I finally got the weld out of the three inch square tubing sections. They are ten inches long and the best way I found was to use a new 12" flat mill file and just go at it from both ends. I tried a dremel tool and a die grinder but you just cant get to it. Ive got a good slick fit on the 2 1/2 inch frame tubing and Im ready to weld up the post, slider section and v groove feet. 

There is a large storm in western tenn headed this way and we are in for storms friday and saturday and then SNOW if you can believe that sunday and monday. Im not sure how much I will get done until next tuesday. I have to weld outside here at the house but have access to a nice enclosed shop then.

Ill keep posting pictures and progress. Thanks for the interest. Maybe someone else can learn from my struggles. (This is my first bandmill. )


Mike


----------



## TNMIKE (Apr 24, 2008)

*I finally got back on the mill*

I got out of the house today for the first time in about 11 days. I was about to go nuts. Made some good progress on the bandmill. The slider piece that raises and lowers the wheels is a pain to keep in line and make smooth. You cannot weld the carriage frame without drawing the steel tubing but you can compensate for it. You can also post heat it with a torch and straighten it. Anyway I got the carriage head together and on the track. YEAH. The slider is really smooth. You can see from the pictures Im well on my way.


----------



## TNMIKE (May 1, 2008)

*Did some more mill work last night*

I worked on the tensioner/blade tracking mechanism last night. I also got most of the steel cut for my log arch. The tensioner is pretty neat...it uses a sliding plate affair and a heavy duty hinge made from black pipe. Its probably the most complicated piece of the whole mill.


----------



## slabmaster (May 1, 2008)

*Engine*

Looking good! What size engine are you planning to run? Mark


----------



## TNMIKE (May 7, 2008)

*Right now Im thinking 10hp*

Ive got a 10hp Brigss but Im looking hard at the 13hp Chinese Honda knockoffs...HF has them pretty cheap...


----------



## slabmaster (May 8, 2008)

Should work good! The 13 H.P. wouldn't have to work as hard and might last longer. I saw them myself,can't beat the price on those. Mark


----------



## Zodiac45 (May 15, 2008)

Any new progress yet Mike? Really looks good so far. Do the V groove pully wheels ride on the angle irons or on the outside flat?


----------



## TNMIKE (May 15, 2008)

*I havent been working on the mill in the last week*

Ive been tied up on the farm and Ive got two sons graduating from college this week.

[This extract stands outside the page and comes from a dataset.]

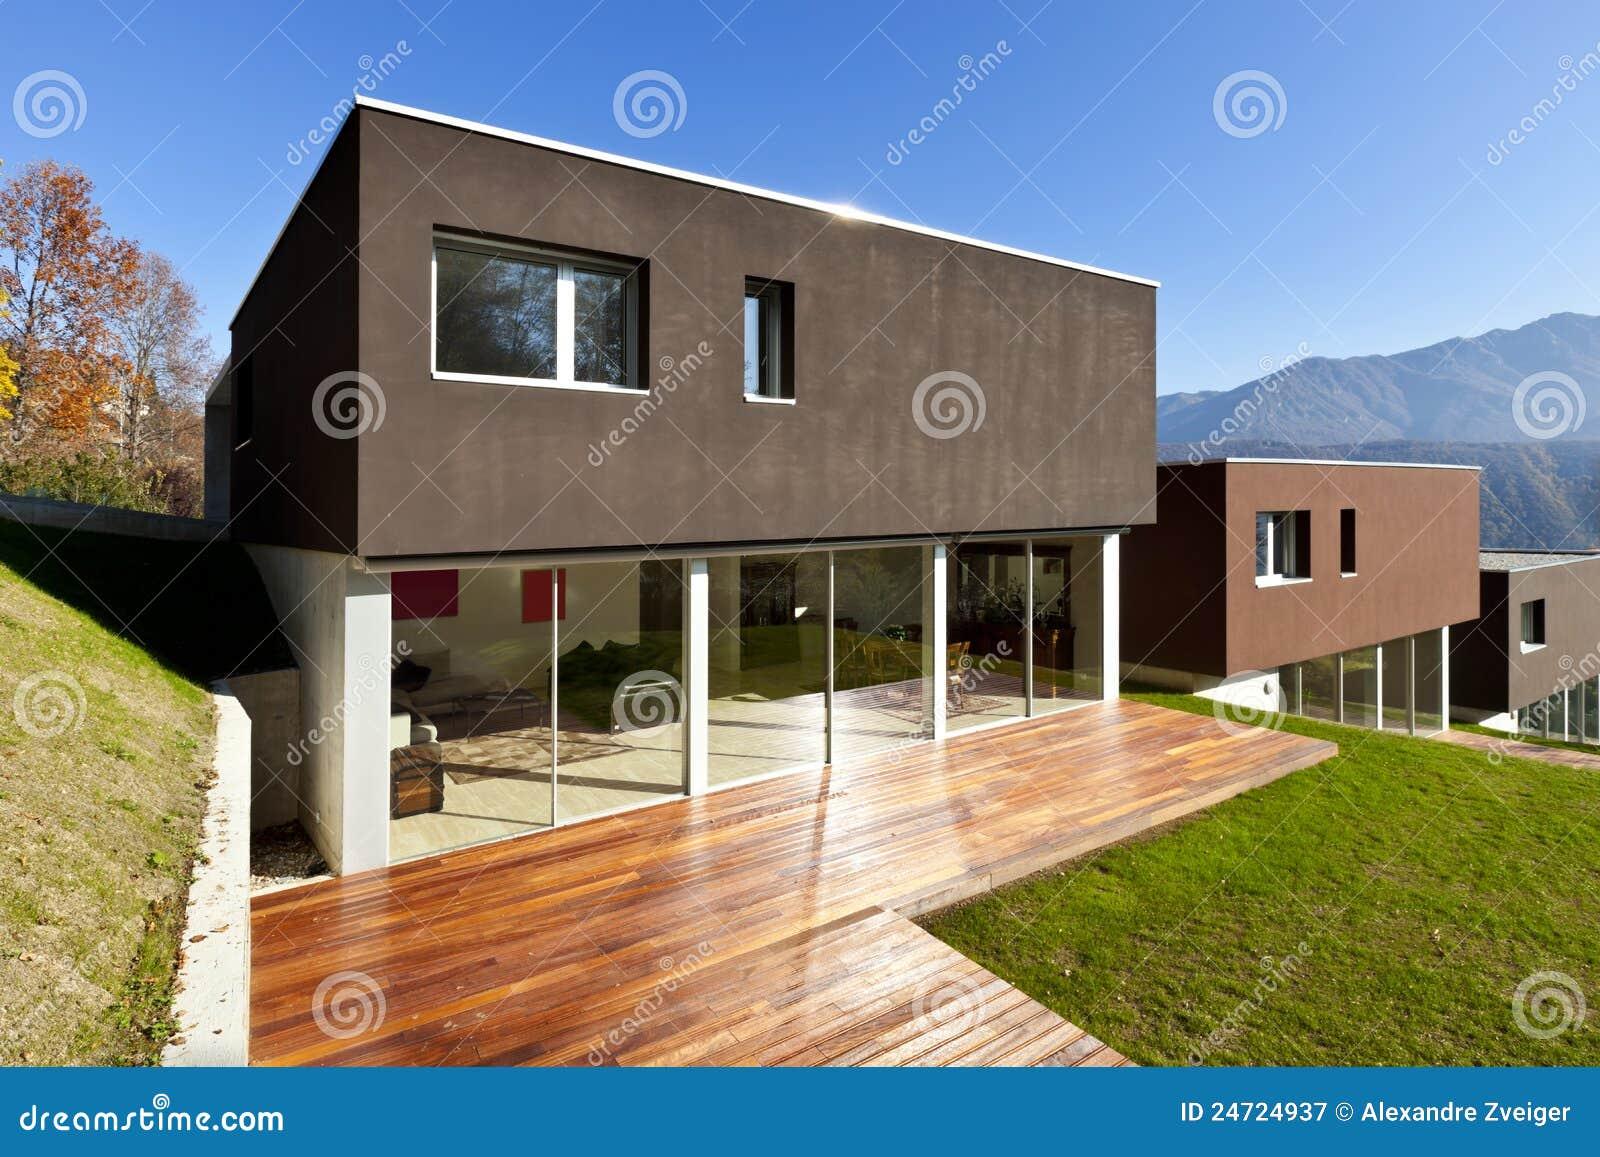 Modern huis terras stock afbeelding afbeelding bestaande uit perspectief 24724937 - Terras eigentijds huis ...

The pulley ride on a one inch angle iron that is welded point up on the flat of the large angle iron. The v groove pulleys fit this angle perfectly allowing more bearing surface on the pulley itself. Makes for a much smoother roll.

I just bought a new MIG and Ive got to get a cart made for it then I will get back on the mill. 

Too many projects too little time


----------



## Zodiac45 (May 16, 2008)

TNMIKE said:


> Ive been tied up on the farm and Ive got two sons graduating from college this week.
> 
> The pulley ride on a one inch angle iron that is welded point up on the flat of the large angle iron. The v groove pulleys fit this angle perfectly allowing more bearing surface on the pulley itself. Makes for a much smoother roll.
> 
> ...



Hear that!


----------